For patients with small, medium, or large aneurysms, there was no significant difference in the overall proximal aortic neck diameter. However, this may be related to a selection bias, as patients with an aortic neck greater than 26 mm were treated with open surgical repair. Patients undergoing open repair had larger aneurysms than those undergoing EVAR.6 More importantly, large aneurysms had a significant (27%) decrease in proximal aortic neck length. This decrease in neck length was also associated with a 3-fold increase in the number of patients with a neck angulation greater than 45°.
While patients with larger aneurysms had a proximal aortic neck with a shorter fixation zone and greater angulation, outcomes were no different from those of patients with small aneurysms. This is indicated by the lack of significant difference in technical or clinical success. The overall technical success was 99.5% (205/206), with only 1 patient requiring conversion to open repair at the time of the initial EVAR. This conversion was the result of a 90° angulation of the proximal neck in a patient with a large aneurysm (80 mm). The proximal neck could not be accessed, so the procedure was converted to an open repair. The patient recovered uneventfully.
Endovascular aneurysm repair was as successful in treating large as it was in treating small aneurysms in appropriately selected patients. Continued follow-up revealed no significant differences in morphologic outcomes among the 3 groups. There was a tendency for all aneurysms to shrink, with larger aneurysms shrinking the most. However, this shrinkage was small and not significantly different among groups. Overall, most aneurysms (83%) did not change in size.

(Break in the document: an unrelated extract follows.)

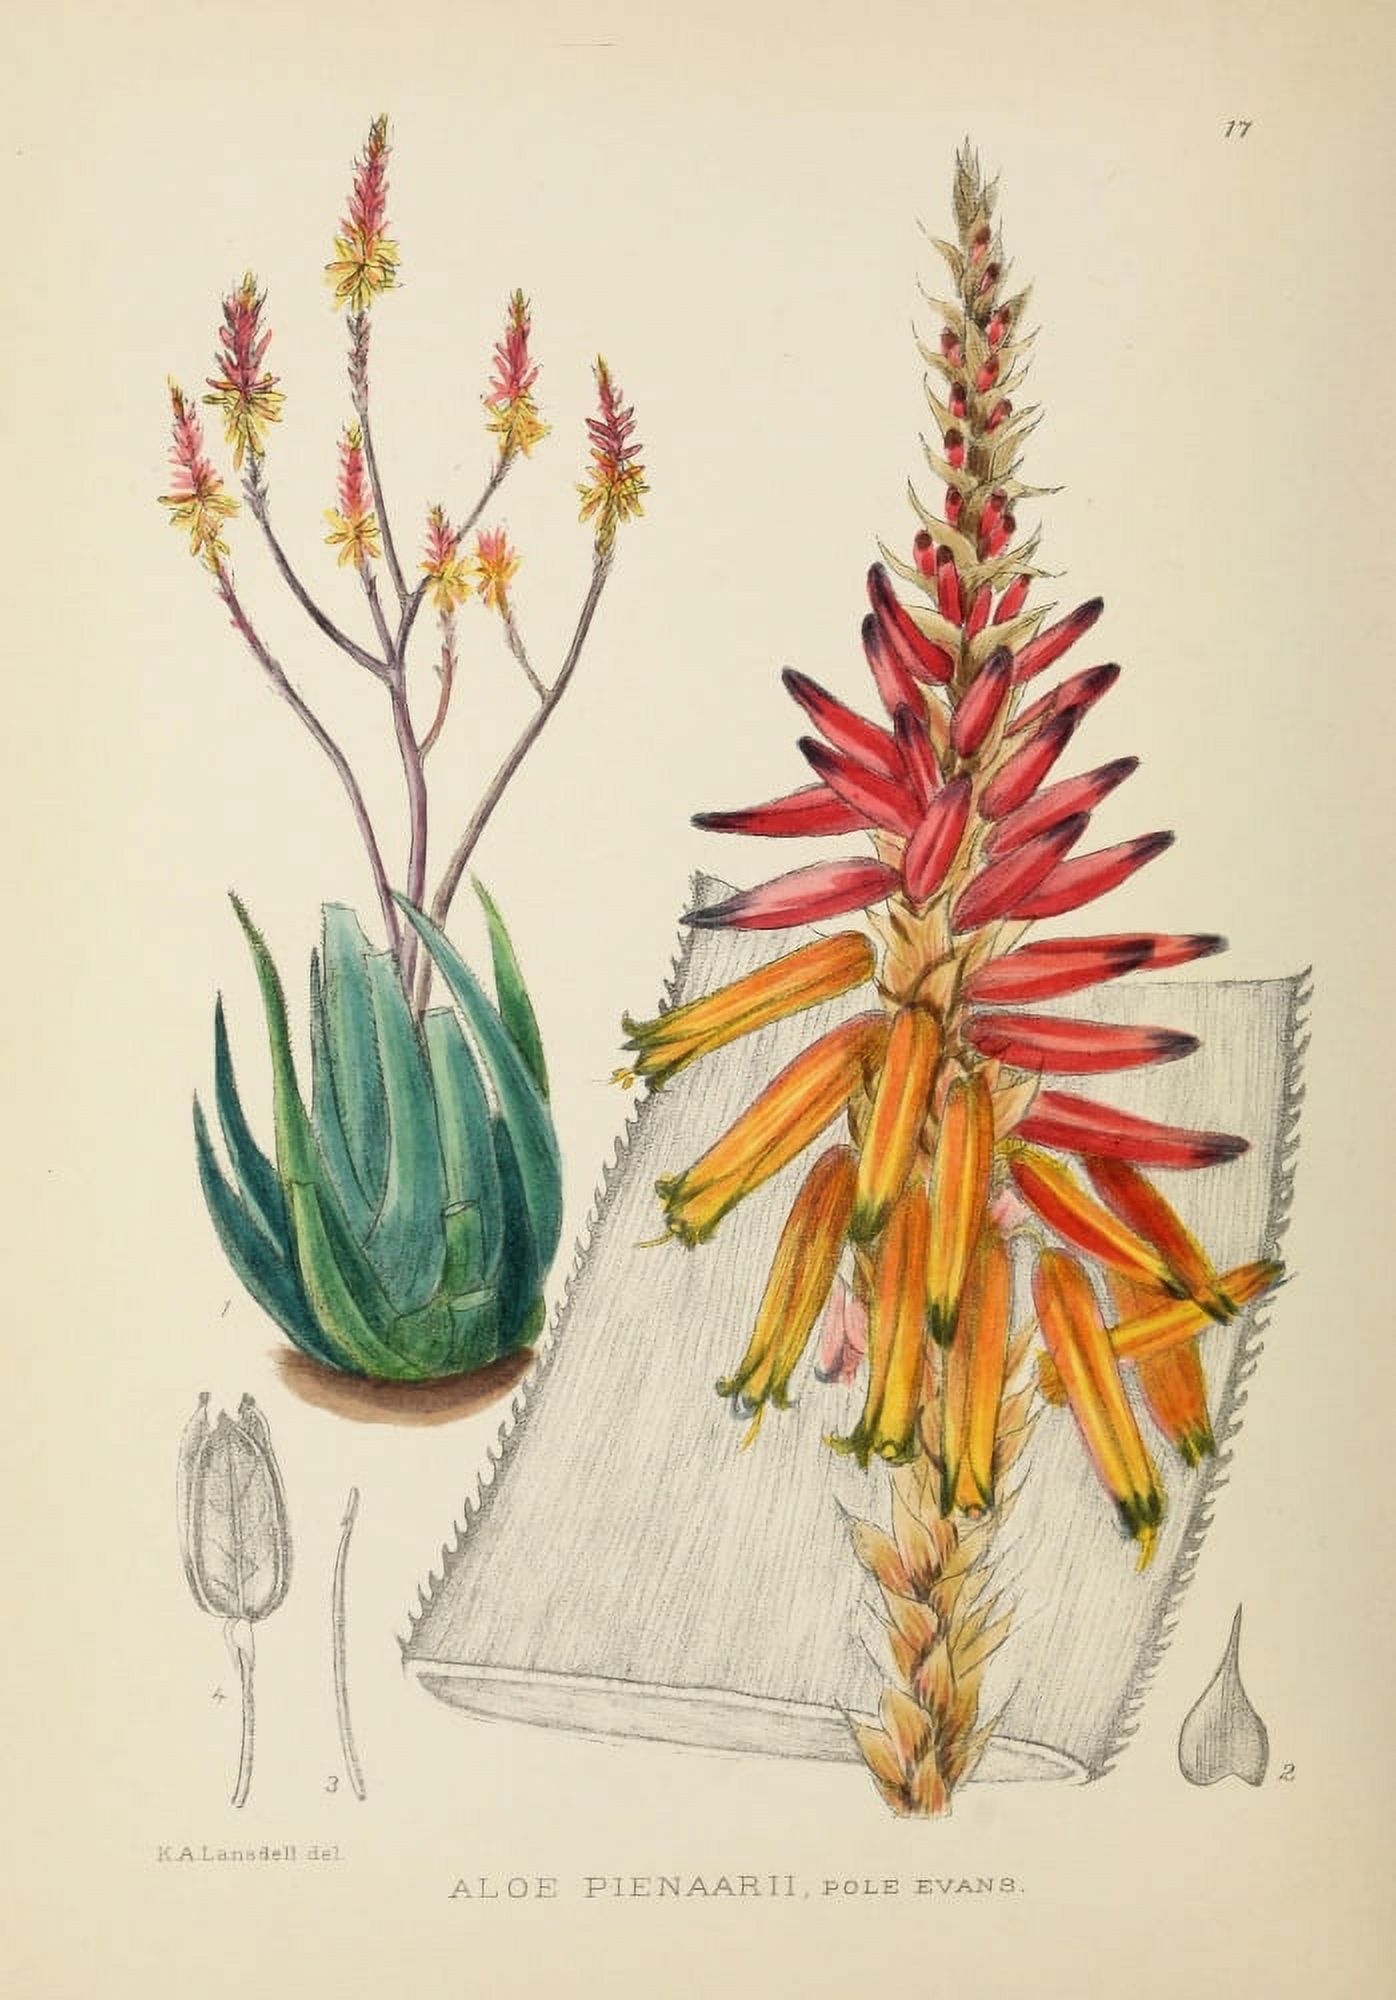 The Flowering Plants of Africa 1921 Aloe Pienaarii Poster Print by  K.A. Lansdell (24 x 36) - image 1 of 1

Endovascular aneurysm repair was clinically successful in preventing aneurysm enlargement in 95% (195/206) of patients. In the 5% of patients with aneurysm enlargement, size was not a predictor. However, smaller aneurysms had the greatest tendency of aneurysm expansion (10%) in this series. Aneurysm expansion was treated by first securing adequate proximal and distal fixation. Proximal and distal extender cuffs were placed from just below the renal arteries to the iliac artery bifurcation bilaterally. Patients with a type II endoleak, adequate fixation, and increasing aneurysm enlargement had either transarterial embolization of the endoleaks (n = 6), thrombin injection of the aneurysm sac (n = 2), or laparoscopic ligation of collateral vessels (n = 1). To date, this algorithm has been successful in preventing further aneurysm expansion and rupture. To try to identify the effect aneurysm shrinkage had on the stent graft, we defined aneurysm shrinkage as greater than or equal to 10 mm. This is in contrast with the definition of significant aneurysm expansion (≥5 mm) as defined by the Society of Vascular Surgery.7 To date, there is no reporting standard for aneurysm shrinkage.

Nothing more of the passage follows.